The DDM (Dividend Discount Model) is used to evaluate the altcoins that offer token dividends (for example, Binance Coin (BNB), Kucoin Shares (KCS), COSS (COSS), and Cryptopia Fee Shares (CEFS)), in the form of a fee-designated activity. The calculation using this model uses the expected rate of growth in the volume of exchange trade (g). For the crypto enthusiast and founder of Bear Studios, Venture Focus, and The Ledger Group Avi Felman, it is clear that due to this, there will be a broad projection of exchange rate growth, and DDM can give some idea of which assets have significantly depreciated. The required rate of return (r) is equal to the yield in the general cryptocurrency index.

## Production Cost

CoP (Cost of Production) is a completely new model that has not taken root in the traditional economy but has proved itself in the digital environment. To understand the functions of CoP, it is necessary to understand that part of the value of a crypto asset is related not only to their purchase or exchange but also to their production through processes such as mining. Researcher Adam Hayes considers this concept in his article about modeling the price of Bitcoin. The analyst found that three variables determine 84 percent of the value of digital assets: computing power, coin production speed, and the relative complexity of the Proof of Work algorithm, and a model was created that explained the high cost of Bitcoin.

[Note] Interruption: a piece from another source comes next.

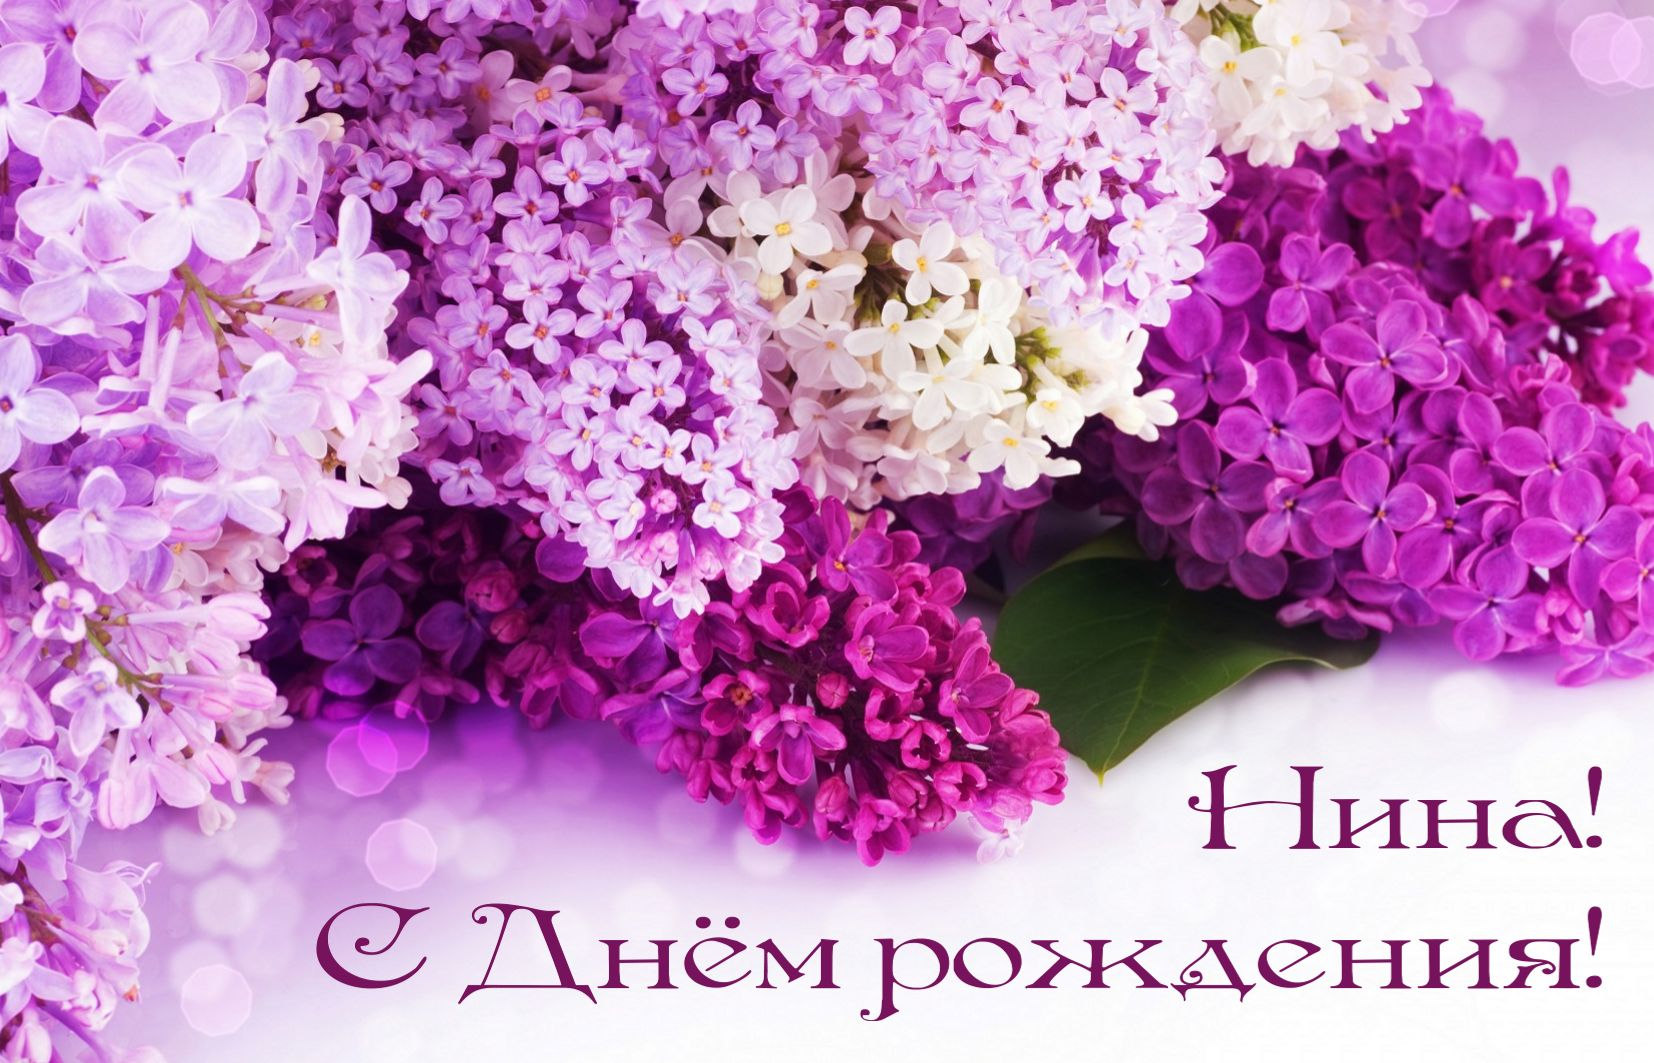 С днём рождения нина красивые открытки

"In principle, this theory can be used to evaluate all intellectual digital assets. We cannot say how this will work, however, since many crypto projects use other consensus algorithms (such as PoS and DPoS). In addition, this model assumes that a change in the cost of mining or coins will directly affect the price, and there will probably be other key effects between them that will change the end result," suggests Hayes.

## But That Is Not All

In addition to the above methods for evaluating crypto assets, there are several other analytical methods, for example, network values ​​for transactions (NVT), the net present value method (NPV), and even more. Given the current nature of the cryptocurrency market, the methods of absolute evaluation do not yield useful results in themselves. The real benefits when using them are in combination with relative methods of evaluation. Since we cannot use the methods of the traditional economy, it is necessary to develop a direction that will fundamentally study relative estimates in the future.